2.5 Use headers and footers.
Suggestion: A common format is to have the logo and/or business name in the header, and the website and contact details in the footer of the document. These will then appear on every page. Use a format that works for your document, and ensure the size of the logo doesn’t overpower the content – after all, that’s why they’re reading it 😃
2.6 Keep the layout varied and interesting.
Suggestion: Use headings and subheadings that stand out, as well as short sentences, and short paragraphs; white space is highly underrated. To emphasise a certain message or section, you could break up the text by using appropriate images, or creating an infographic to show data in a creative way. Also, you could use pull quotes and bulleted lists to make things more visually varied and interesting. Remember: when using images from the internets, make sure they are royalty-free and/or that you have permission to use them, or you may get yourself into some serious doo-doo…
2.7 Use a grid.
Suggestion: Ensure to set your margins so you have plenty of white space around the content of the page – this makes it easier on the eyes, and also ensures nothing gets cut off when someone prints your document. Also, keep your content far enough away from the headers and footers; the content should be self-contained, as it were. You could consider using a 2 or 3 column grid, especially if you’re using a slide format. The possibilities are endless! 🙂
2.8 Ensure the text is legible.
Suggestion: Consider who your book is aimed at. How do these lovely people like to read? On a laptop? On a tablet? On a phone? Printouts on paper? A combination of the above? Either come up with a compromise to ensure your document is easily readable overall, or consider preparing different versions of it (e.g. one for print, one for screen). If you are preparing it for screen use, make sure it’s readable on a medium sized tablet – that way, you’ll know the text size will be fine for a laptop or computer. (If it’s for use on a phone, you may need to rethink things a little!)
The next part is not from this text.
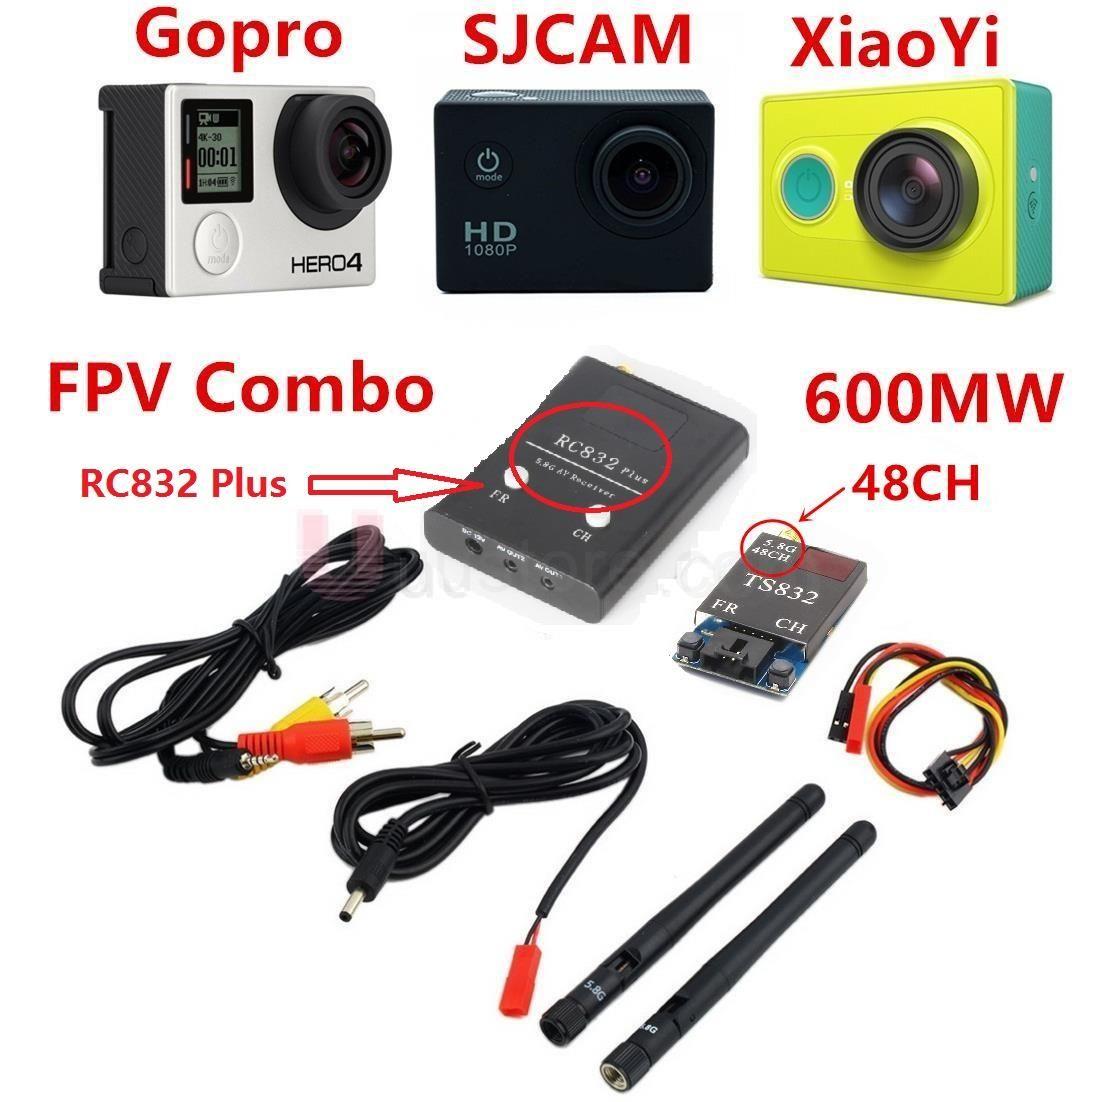 FPV System Boscam 5.8Ghz 600mW 48CH Transmitter TS832 &Receiver RC832 Plus FPV System For QAV210 QAV250 Drone Quadcopter Walkera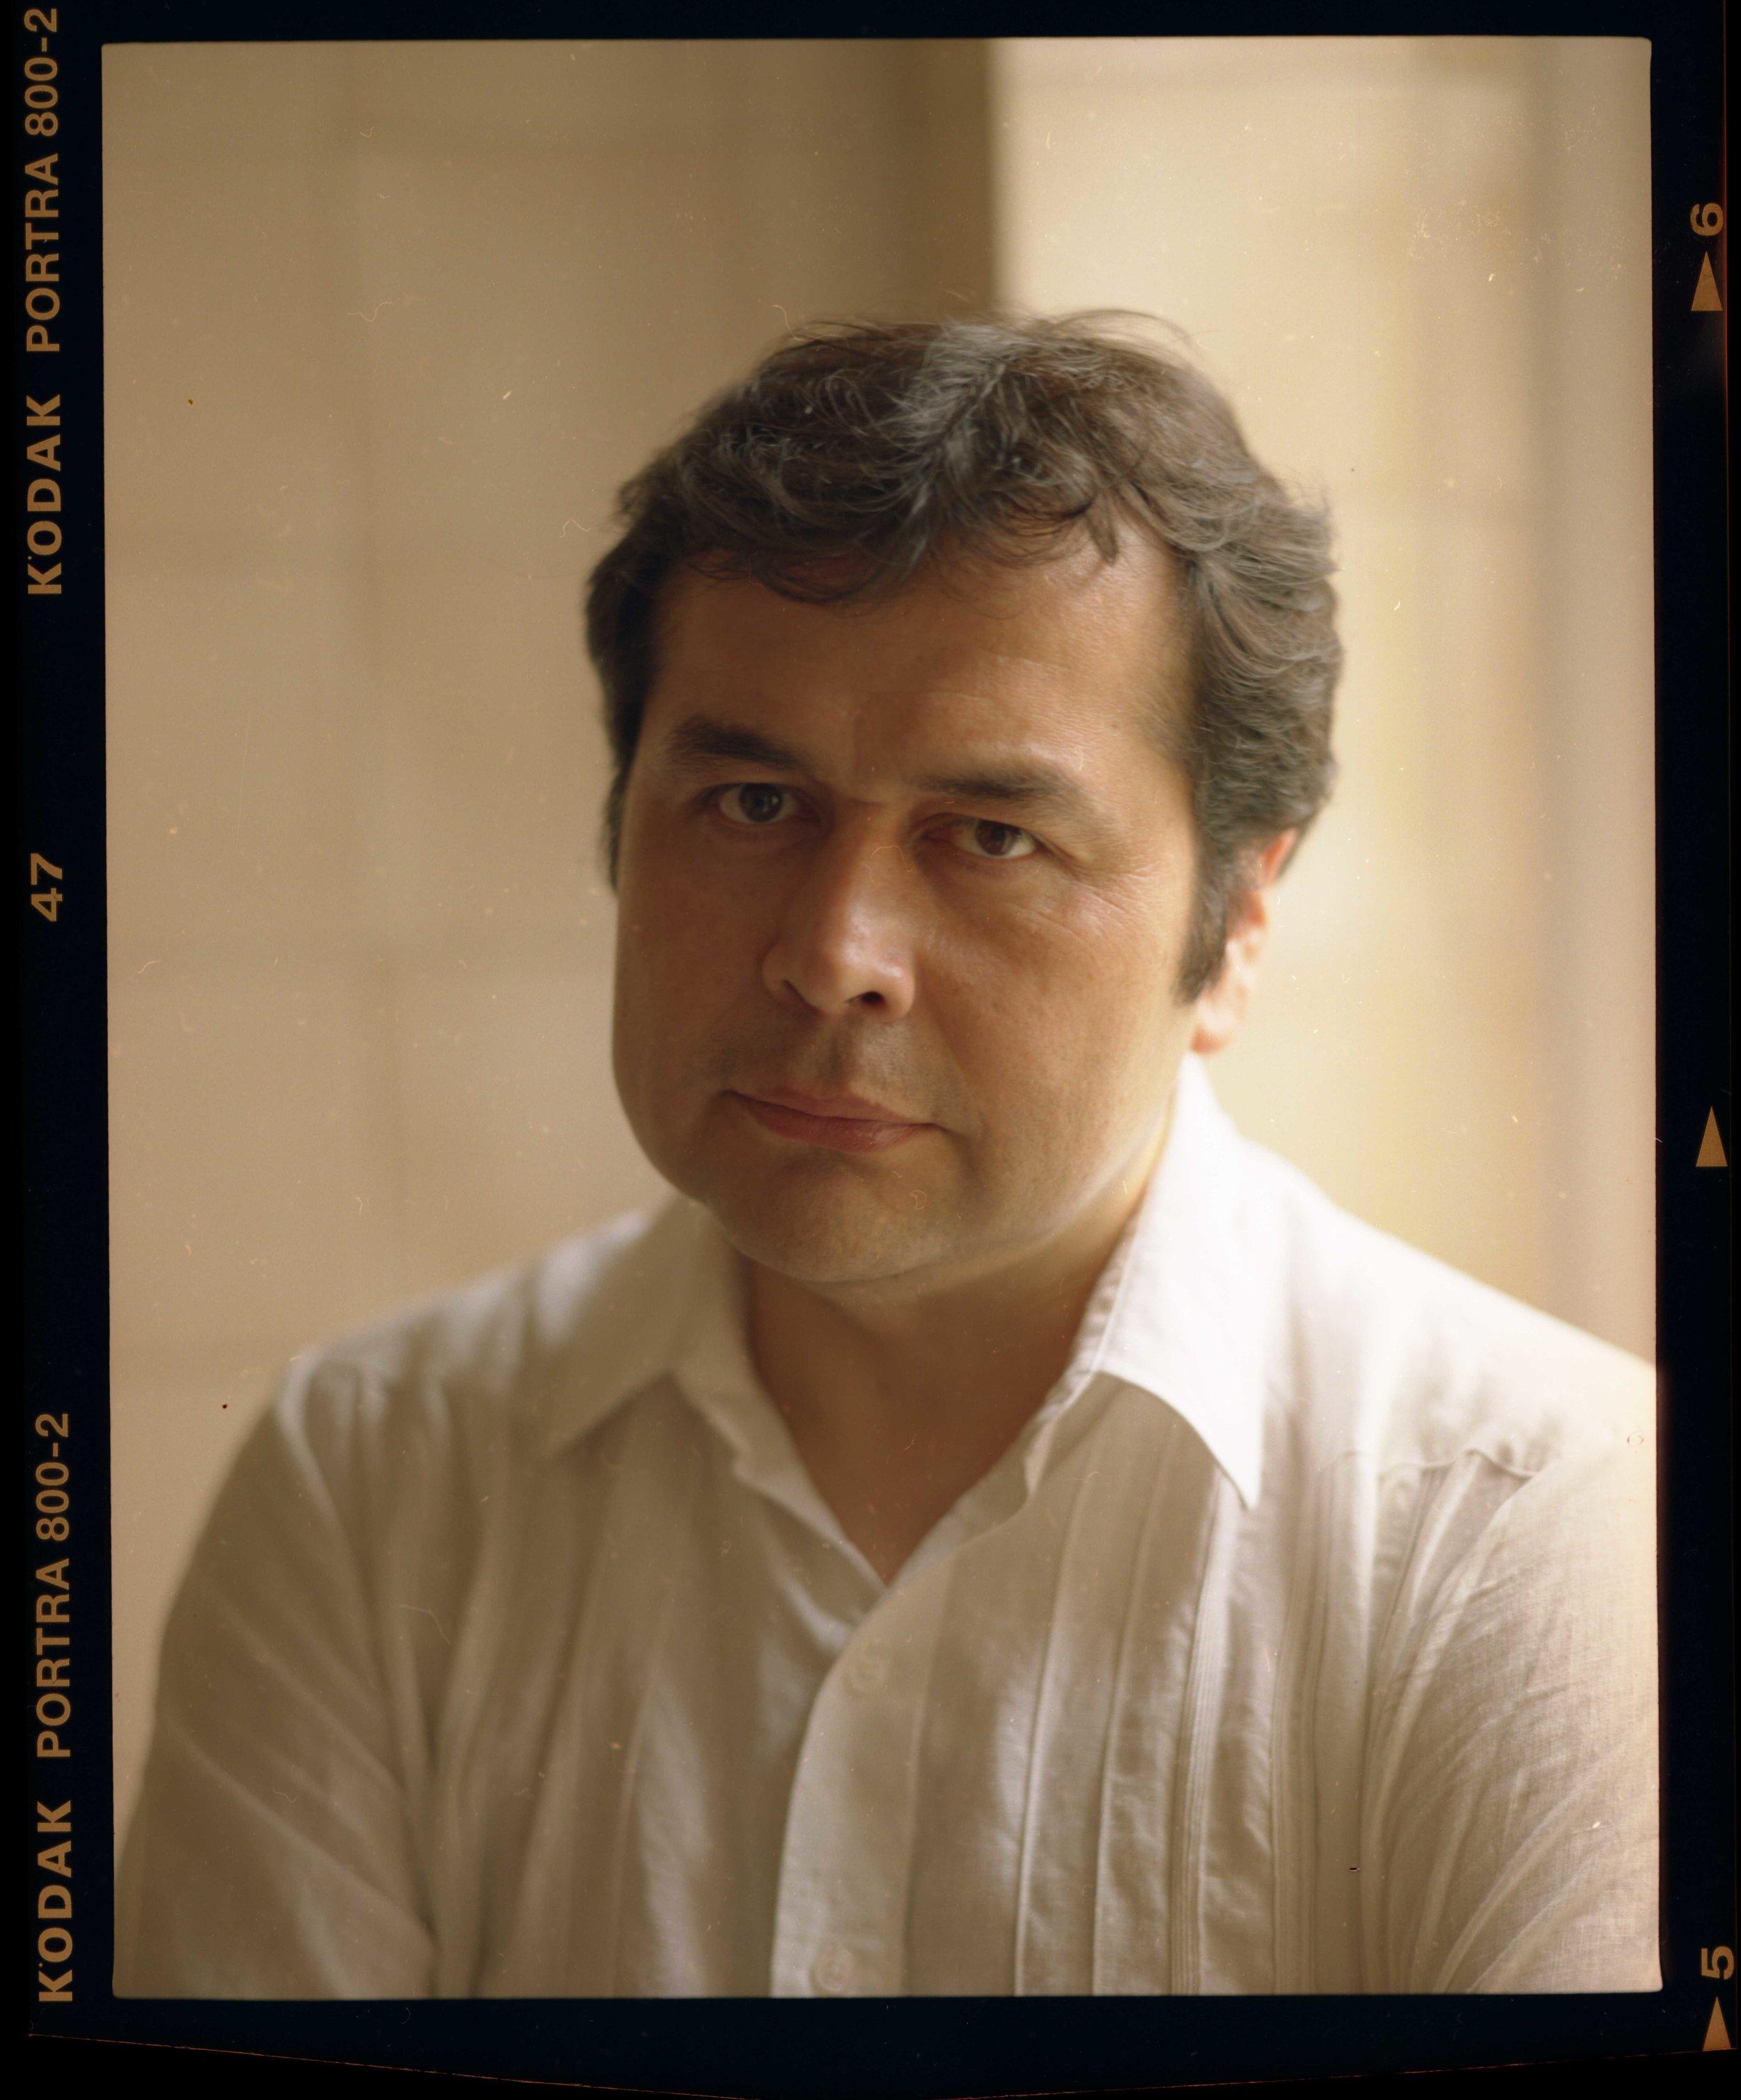 Gonzalo Maza - Screenwriter of A Fantastic Woman & Gloria

2.9 Use the best orientation.
Suggestion: Consider how you’re creating the document, what’s most convenient to you, and the flexibility of use. There’s no right or wrong, necessarily; tools like Google Slides as well as Word will have a selection of templates and sizes to choose from to get you started.
2.10 Again; be consistent.
Suggestion: Use styles to make your text consistent throughout. It may be a bit finicky getting it all set up properly to start off with, but once you’ve got it, you’ll be unstoppable! And the good thing is that, if you decide to change your fonts, simply changing the style will update it in the entire document. Check through the file thoroughly to ensure things still are where you want them to be and there’s no reflow. If something doesn’t fit, consider starting the paragraph on a new page instead; this is also a good idea for new chapters, and perhaps subchapters where the spacing is awkward or too tight.
2.11 No double spaces after a full stop, please.
Suggestion: I think that’s reason enough not to do it, but the choice, of course, is yours 😉
This may seem like a lot to take in. Just remember:
“It doesn’t have to be fancy to look professional. Simple is often best.”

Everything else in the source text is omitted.